Шрифт:
Интервал:
Закладка:
Будучи псевдопространственными феноменами, они обладают некоторой динамикой и экстенсивностью, которая придает им временное измерение. Это нечто происходящее, меняющееся, а следовательно, отмеченное сменой интенсивностей и, в сущности, сериальное.
Шелер отметил, что такого рода феномены всегда даются нам либо как экстенсивные, либо как последовательные. Конечно, замечает он, эта форма предъявления феноменов «проживаемого тела» не имеет пространственности и темпоральности. Эти явления не имеют бытия в «объективном времени»[209], но они, по его мнению, — база, на которой возникают переживания «бытия в прошлом», «бытия в настоящем», «бытия в будущем». В этом смысле можно говорить об их связи с дискурсивностью.

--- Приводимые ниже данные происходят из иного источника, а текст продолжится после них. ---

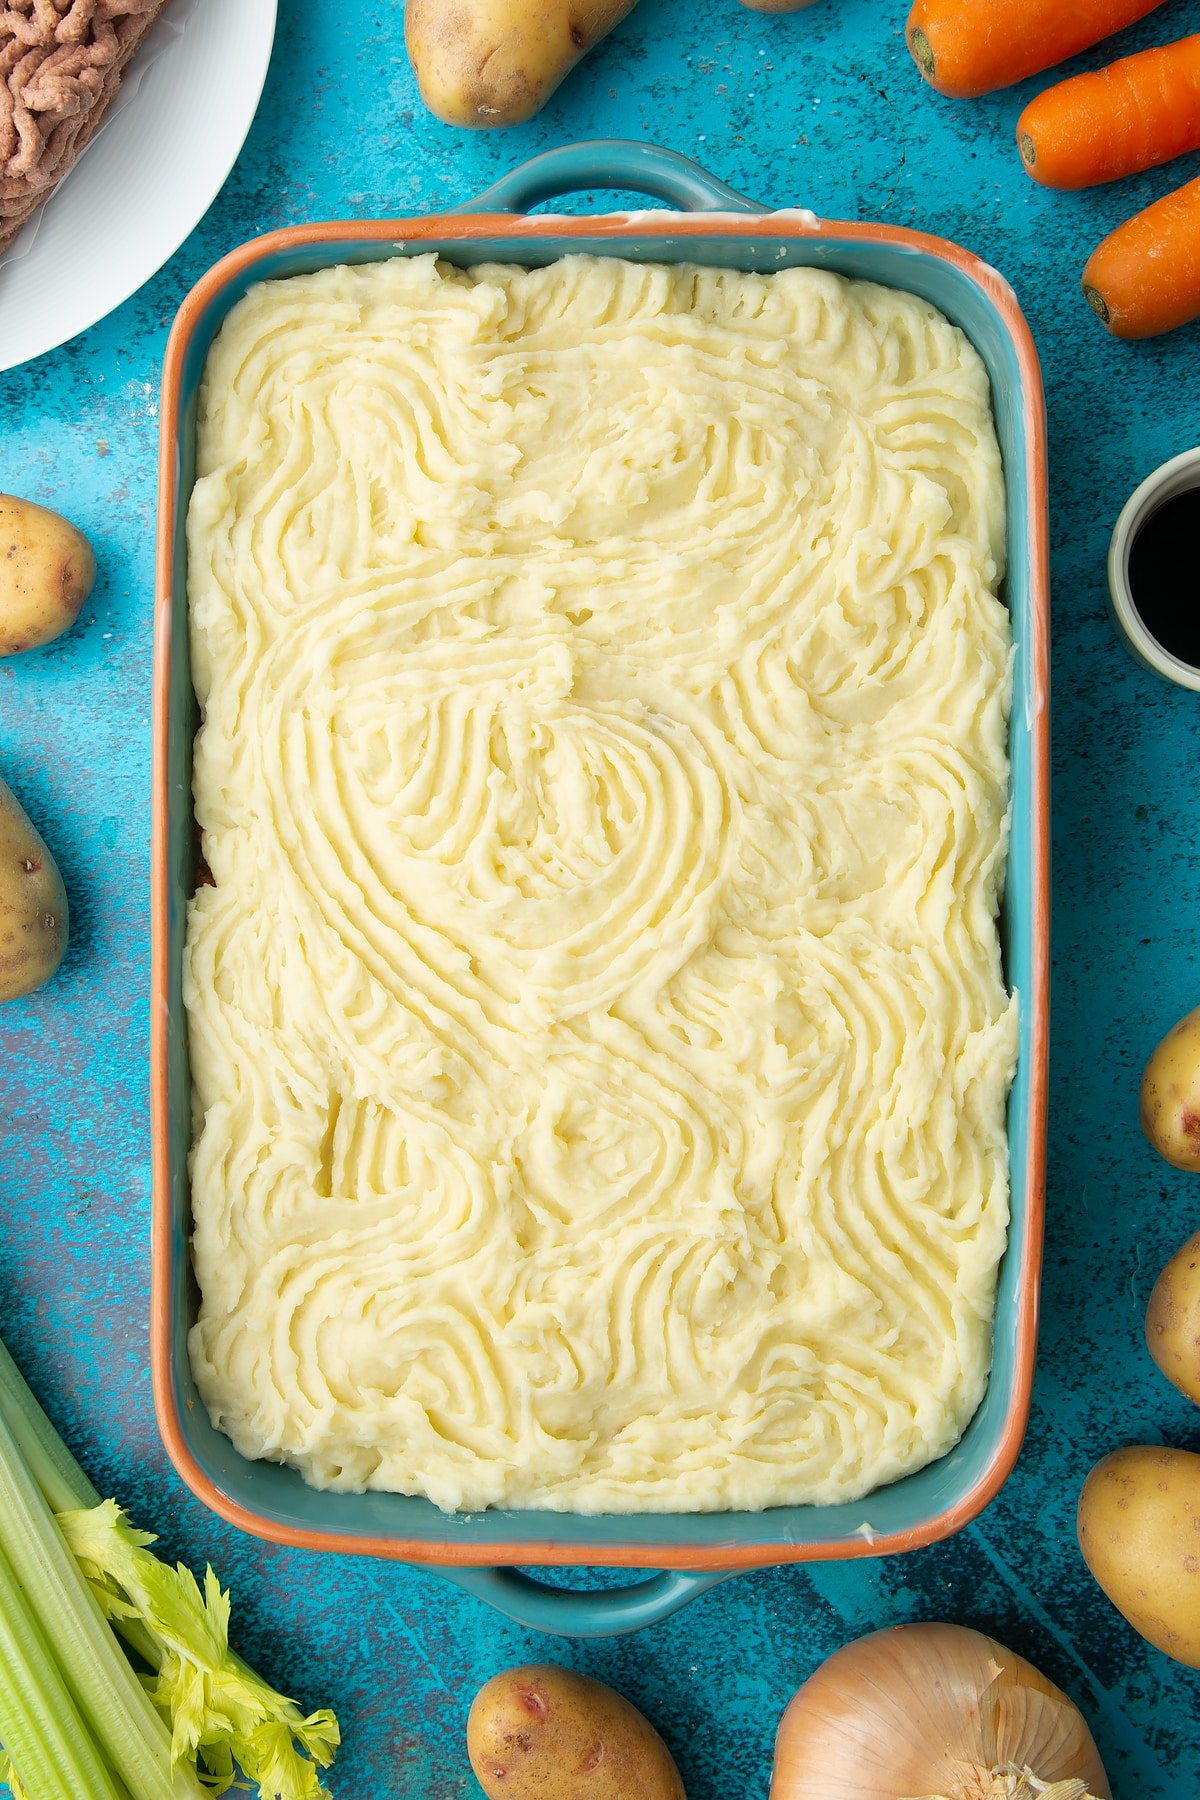 Meat free cottage pie filling topped with mashed potato in a roasting dish. The potato has been textured with a fork. Ingredients to make vegan cottage pie surround the dish.
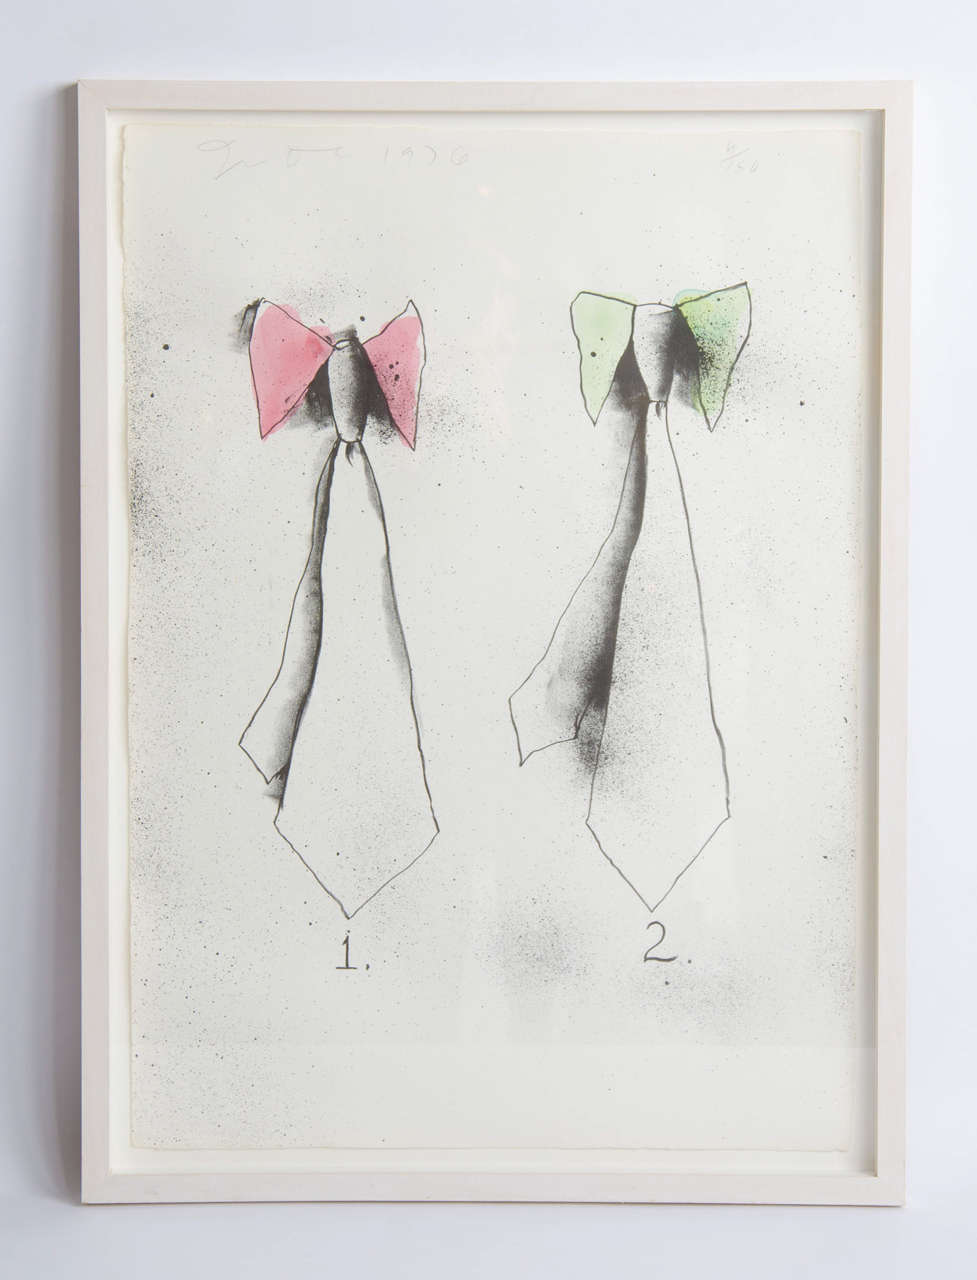 Jim Dine (b.1935) 'Ties',1970, ed 4 of 150, Lithograph, signed 79 x 56 cm.

У Хармса, как и у Гамсуна, время в тексте складывается из нескольких автономных потоков, каждый из которых нанизан на свою «серию». Эти потоки проецируются на саму структуру письма, как главную форму производства «серийности» в тексте.
Временные потоки находятся под постоянной угрозой блокировки, которая связана с темой смерти, с ее присутствием в повествовании. Смерть трансформирует пластику серий, смысл которым придается нарастанием или спадом интенсивностей, в равномерно-монотонный хронометрический ход часов, механизмов, стук шагов[210].
Это «отчужденное» мертвое время, время без движения в будущее и без «смысла» — толкает человека вперед, к смерти. Вместе с тем оно осуществляет несокрушимую прогрессию повествования, постоянно нарушаемого провалами, повторами, возвратами.
7
Странное поведение старухи, ее умирание, ее движение после смерти, сцена, где она вдруг ползет на четвереньках и т. д., связаны с этой неортодоксальной концепцией времени.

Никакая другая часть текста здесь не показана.